This article was originally published by Su-Lin Tan on the 15th Dec 2016 via afr.com.au
Australia's obsession with the real estate gamble just went up a whole new level - betting on which city gets the highest house price growth.
Tabcorp's online website Luxbet is taking bets on which capital city will take the gong for the biggest capital appreciation for 2017.
Top of the list is Melbourne, paying $3, then Hobart at $3.50, Sydney $4.25, Adelaide $4.75 and Brisbane $4.75.
"Despite the possibility of an oversupply of apartments in the CBD area, our analysts are predicting another year of growth in Melbourne property prices with a $1.85 line on the median price at the end of 2017 of $785,000," Luxbet's Dylan Atkinson said.
Luxbet analysts may not be far off the mark.
For the three months until November, Melbourne's led the race with the highest monthly price growth among capital cities.
On Thursday, Corelogic index shows Melbourne catching up to Sydney with the year on year price increase at 12.43 per cent.
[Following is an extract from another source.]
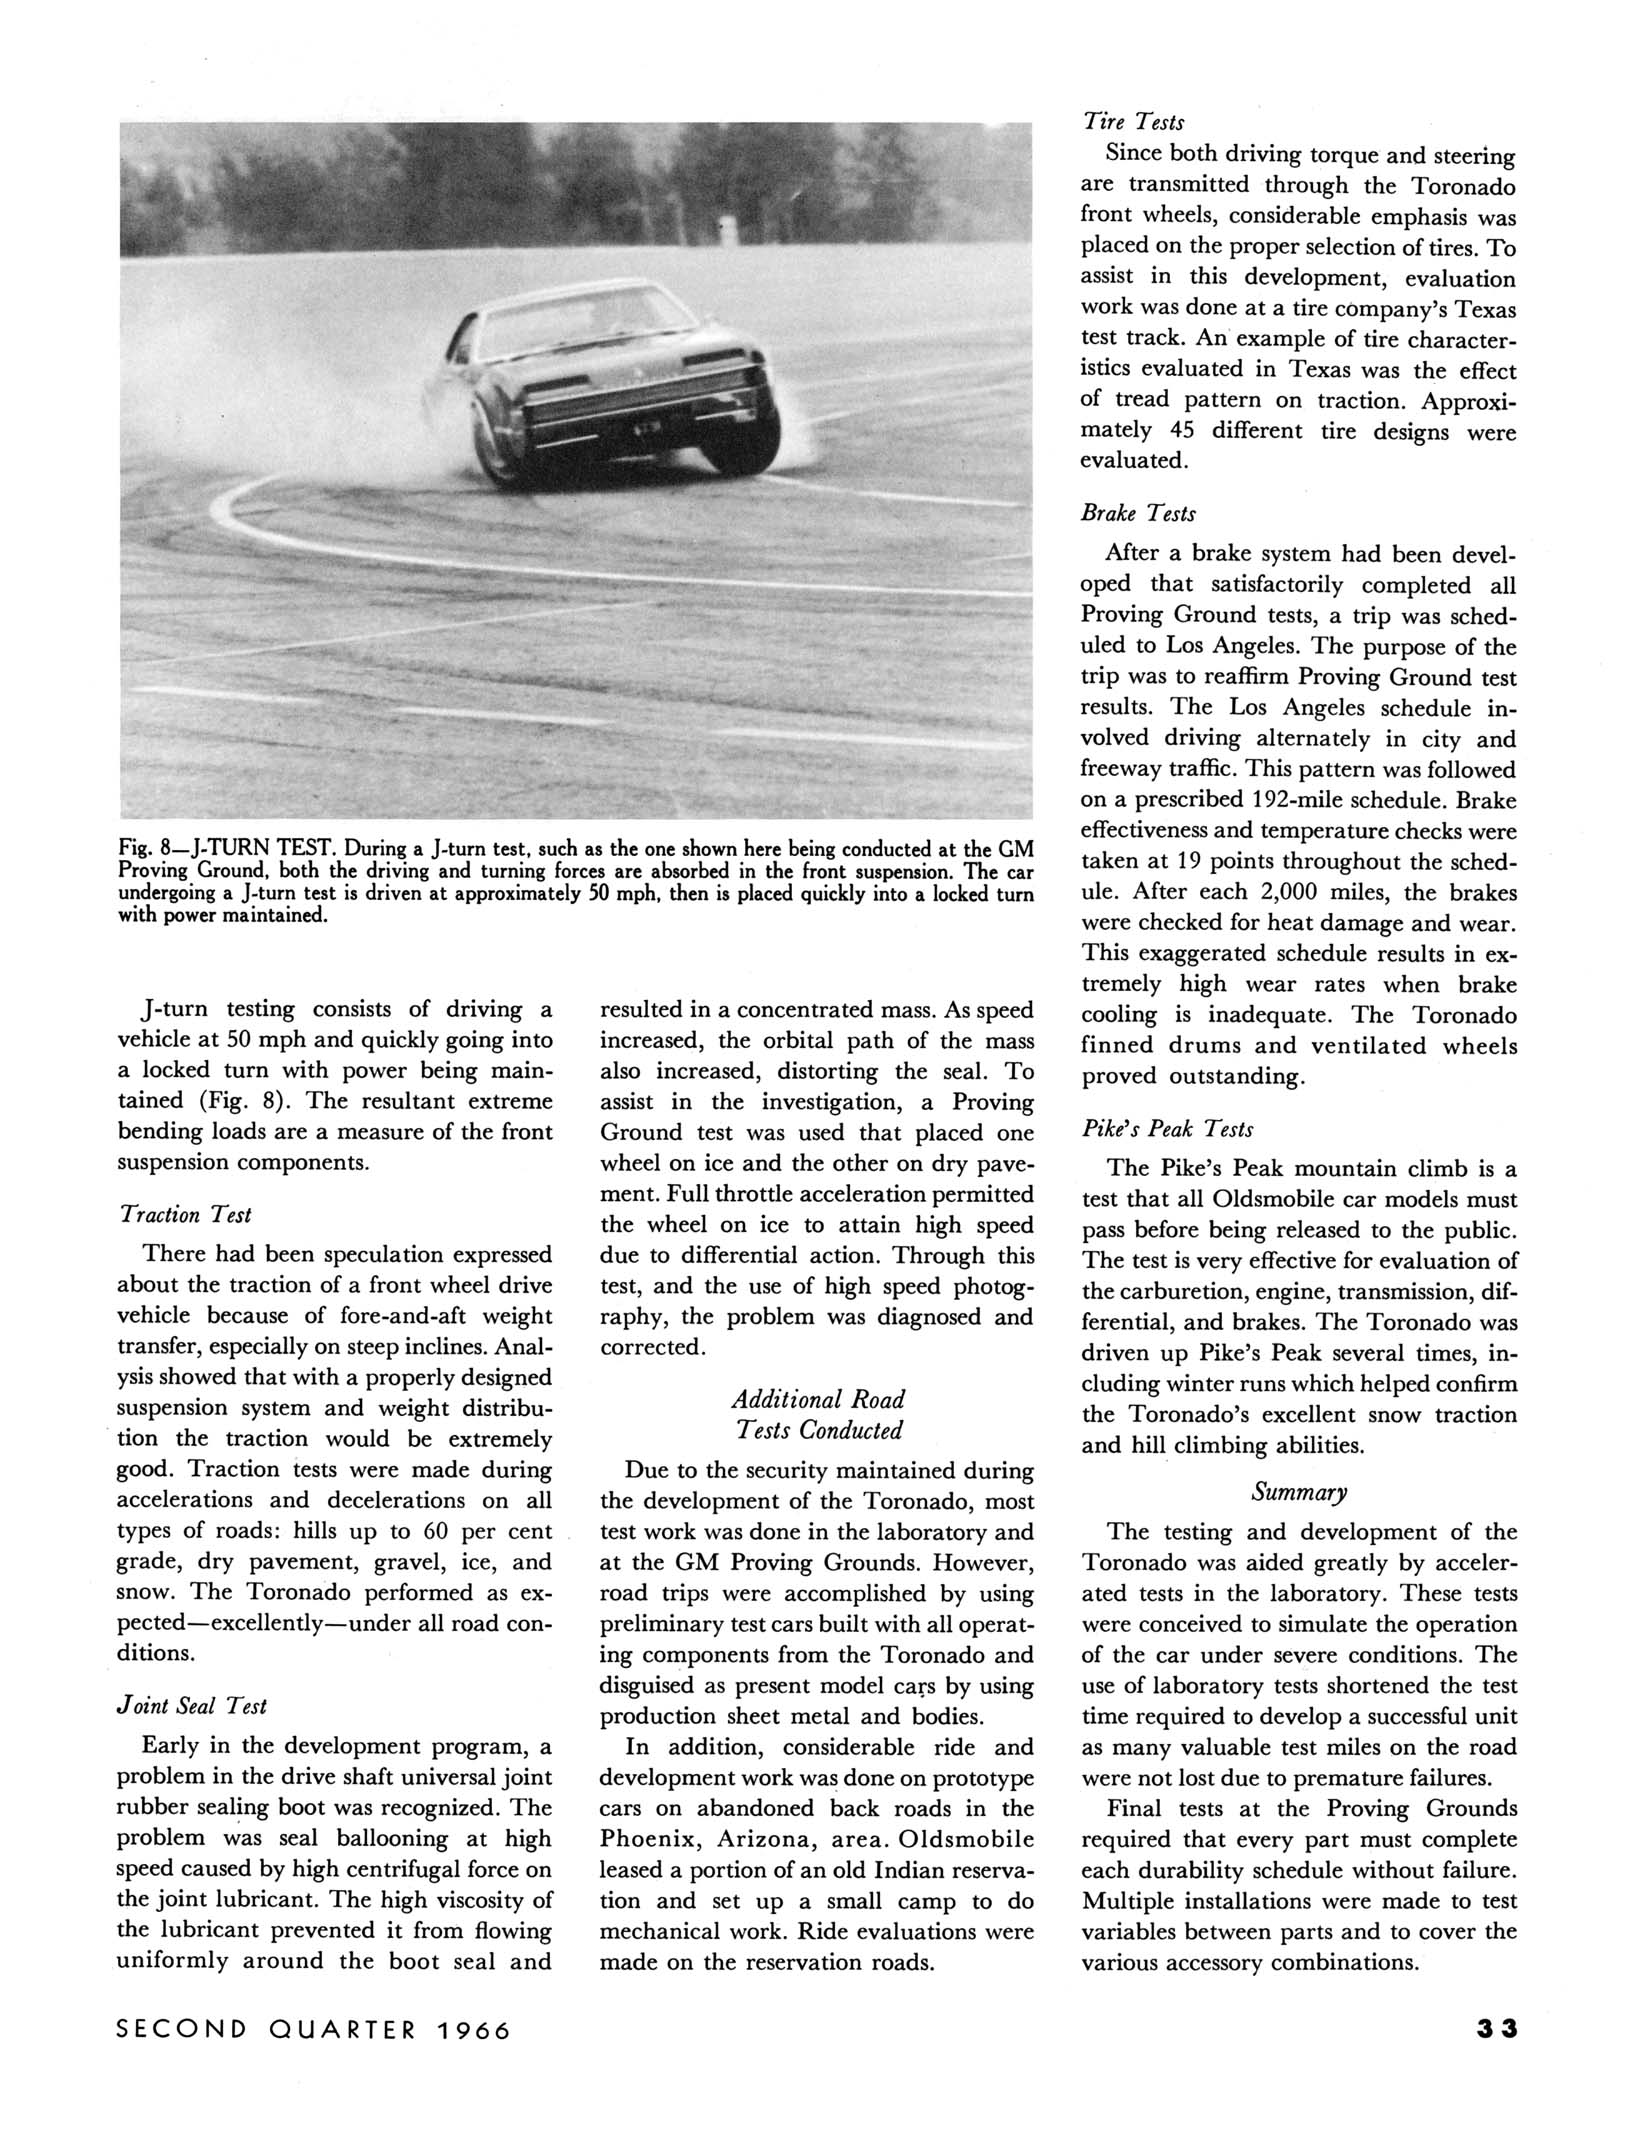 1966_GM_Eng_Journal_Qtr2-33

Sydney prices have risen 13.56 per cent year on year.
Melbourne also consistently outpaces Sydney with the number of auctions on display, offering property punters lots of homes to choose from - a sign of a robust residential market.
Luxbet attributes Hobart's second place ranking to a "boom" in the Tasmanian capital city.
"The line for Hobart's median price for the end of 2017 is set at $345,000 with all signs pointing to a booming market in the Tasmanian capital next year," Mr Atkinson said.
Hobart property prices didn't fare too badly in Corelogic's hedonic index last month either, rising 0.8 per cent.
In February, Hobart outshone Sydney and Melbourne with a sterling 2.9 per cent price rise.
Late last year, experts were already calling out Hobart as the next bright star in the Australian residential property market.
"We believe that Melbourne will be the out-performer of the year, followed by the Gold Coast and Hobart. Each of these respective cities are benefiting from the lower Australian dollar," SQM Research managing director Louis Christopher said.
Economic improvements led by the Tasmanian government and a falling unemployment rate has driven demand in the rental market in Hobart, Mr Christopher added.
With the market swarming with wealthy babyboomers, Hobart is primed for more growth, Corelogic head of research Tim Lawless said.
"Investors looking for value should be looking for areas where the lifestyle buyers are going to such as Hobart and Byron Bay," he said.
Add this to existing strong rental demand and undervalued properties, and Tasmania is an investors' dream, Knight Frank Hobart's Scott Newton also said.
Not surprisingly, Darwin and Perth are the big favourites to win in the price fall category.
Luxbet is paying $1.65 for Darwin to claim the biggest decrease in house prices in 2017, ahead of Perth, which pays $3.25. Canberra is in the distance at $6.
"Darwin is the clear favourite to experience the biggest percentage decrease next year with our traders believing that the trend in 2016 of an oversupply in the market due to job losses in the region will continue," Mr Atkinson said.
The same goes for Perth as both cities continue to suffer from the mining downtown and soft economies.
Alternatively, Darwin is paying $51 for a price rise, and Melbourne is paying $17 for a price fall.